• **What you are asked to do**
Reproduce the listing exactly, with no pictures in your copy.
Collected data Block Start
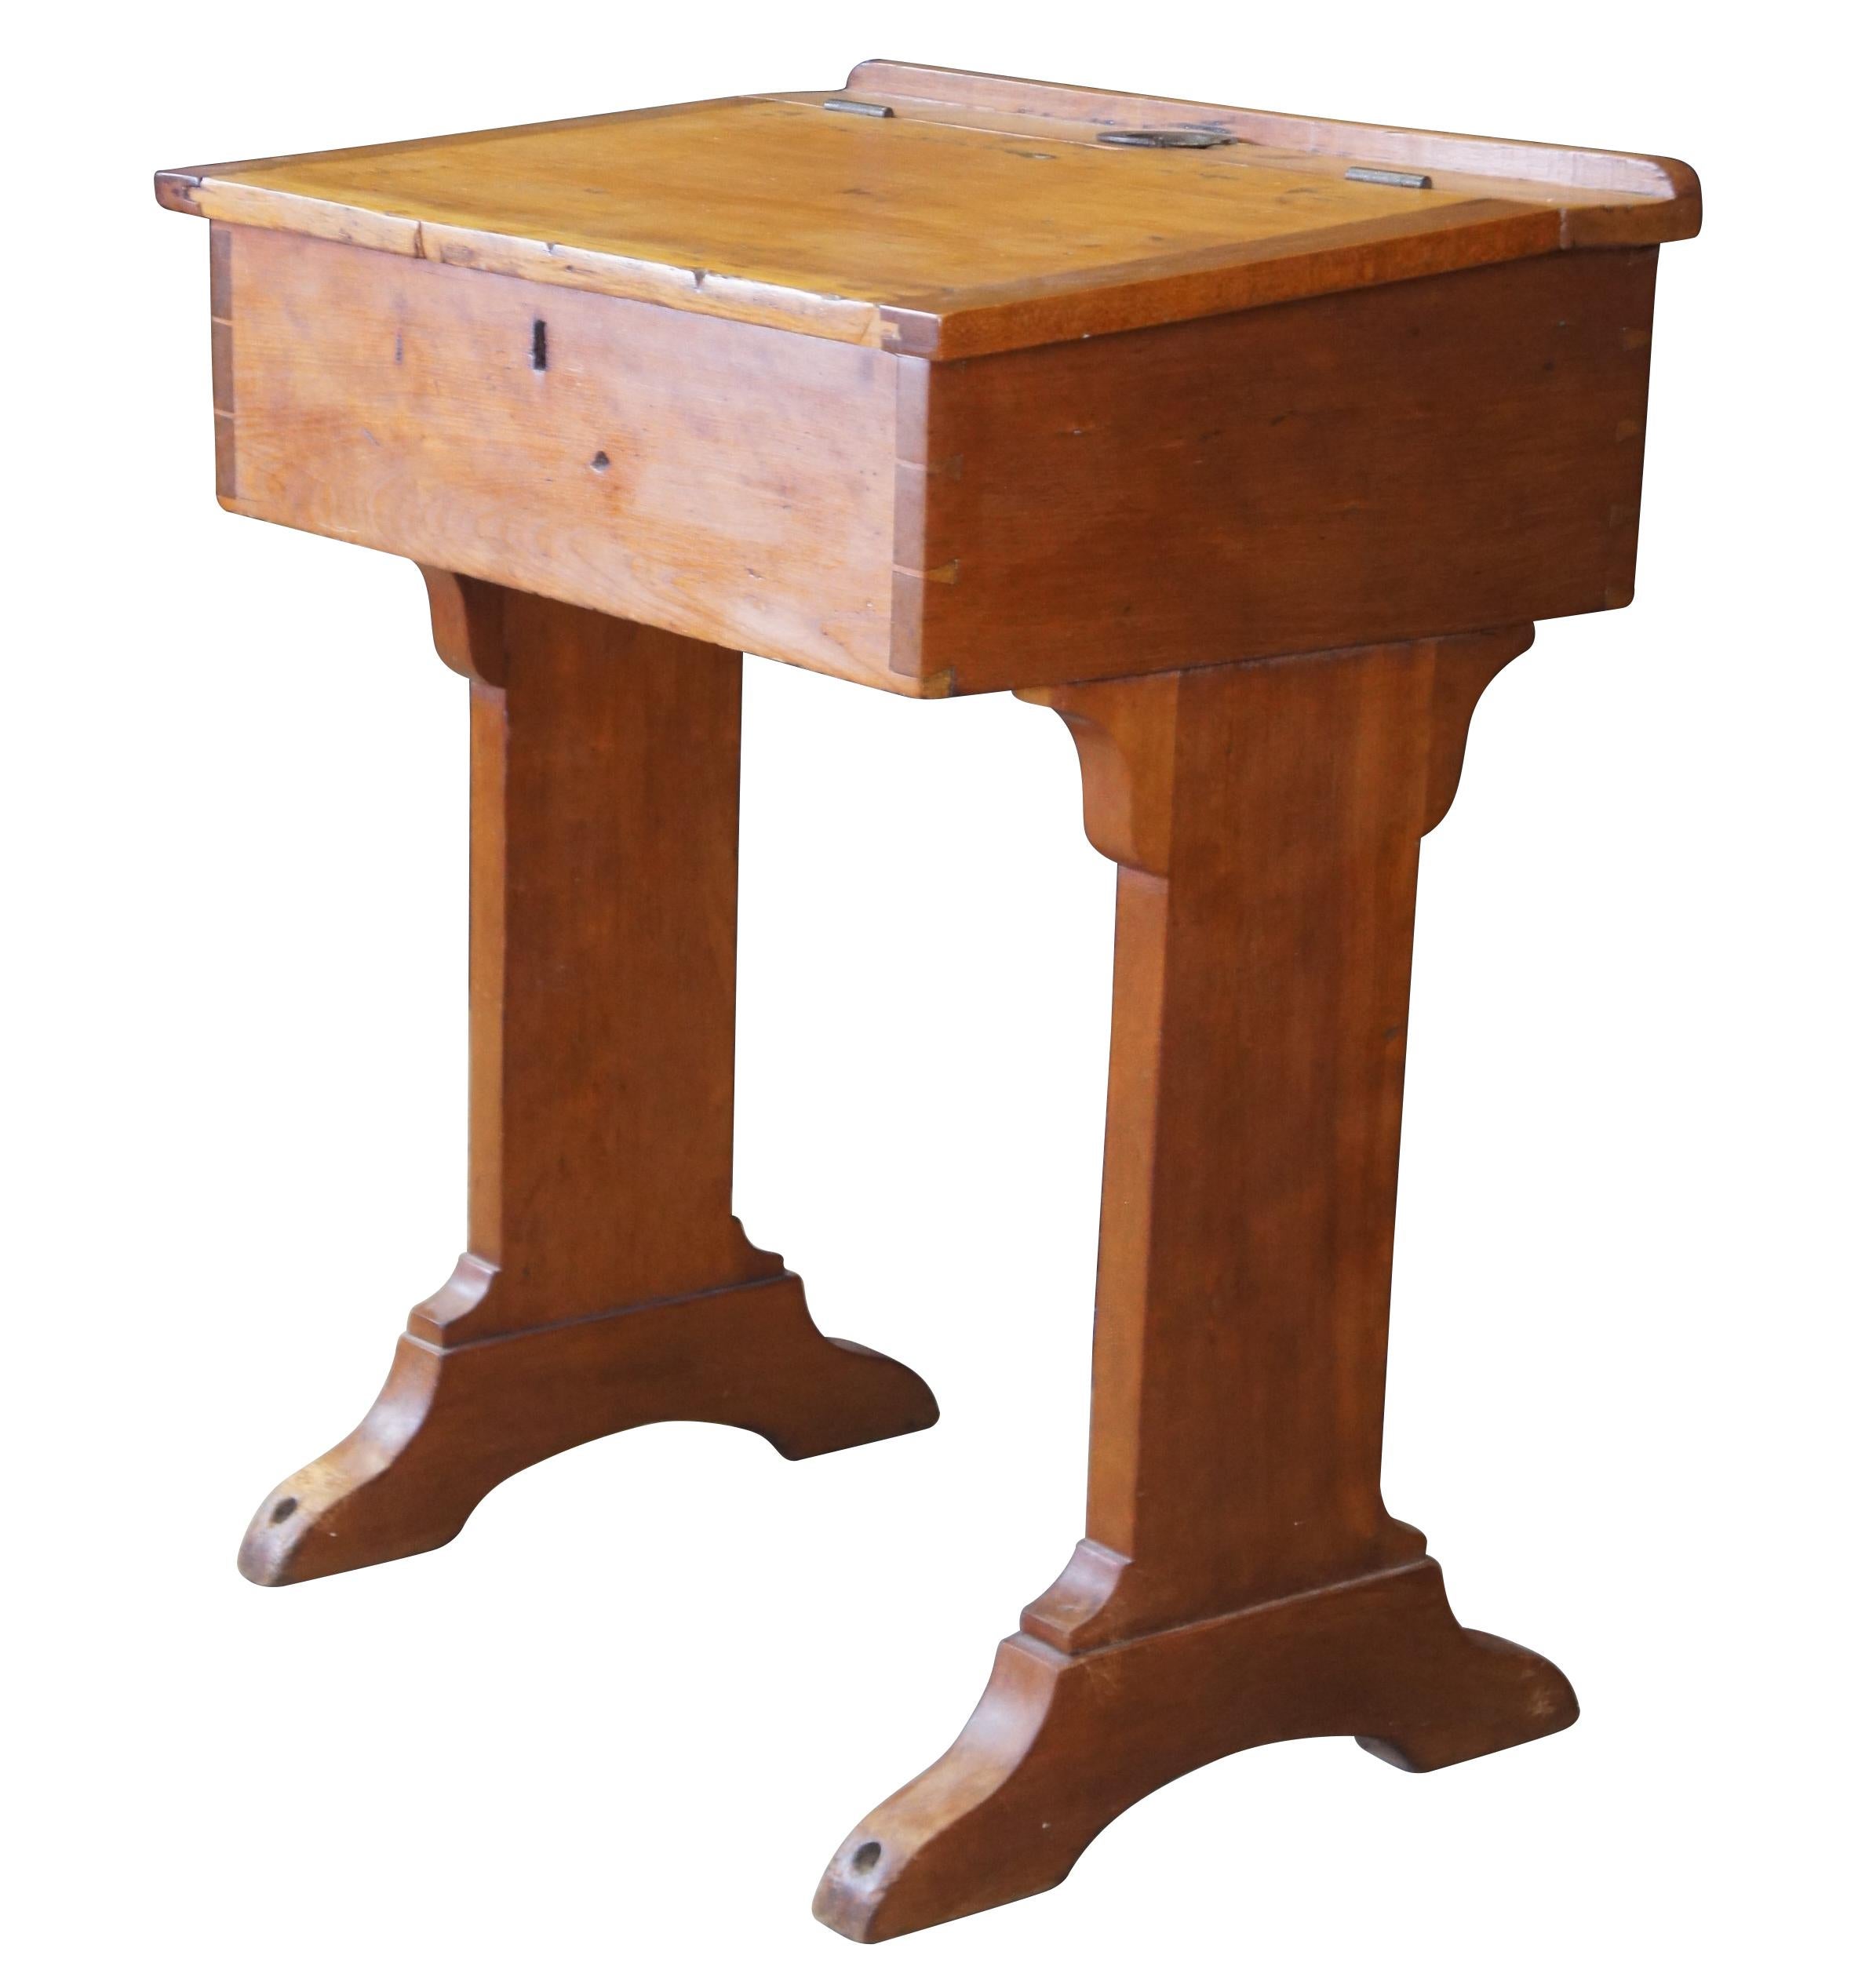 Antique Primitive early American schoolhouse / country / farmhouse writing desk. Made of poplar featuring a slanted top and dovetailed joinery.

Dimensions:
18.5
Collected data Block End
• **Answer below**
 Antique Primitive early American schoolhouse / country / farmhouse writing desk. Made of poplar featuring a slanted top and dovetailed joinery.

Dimensions:
18.5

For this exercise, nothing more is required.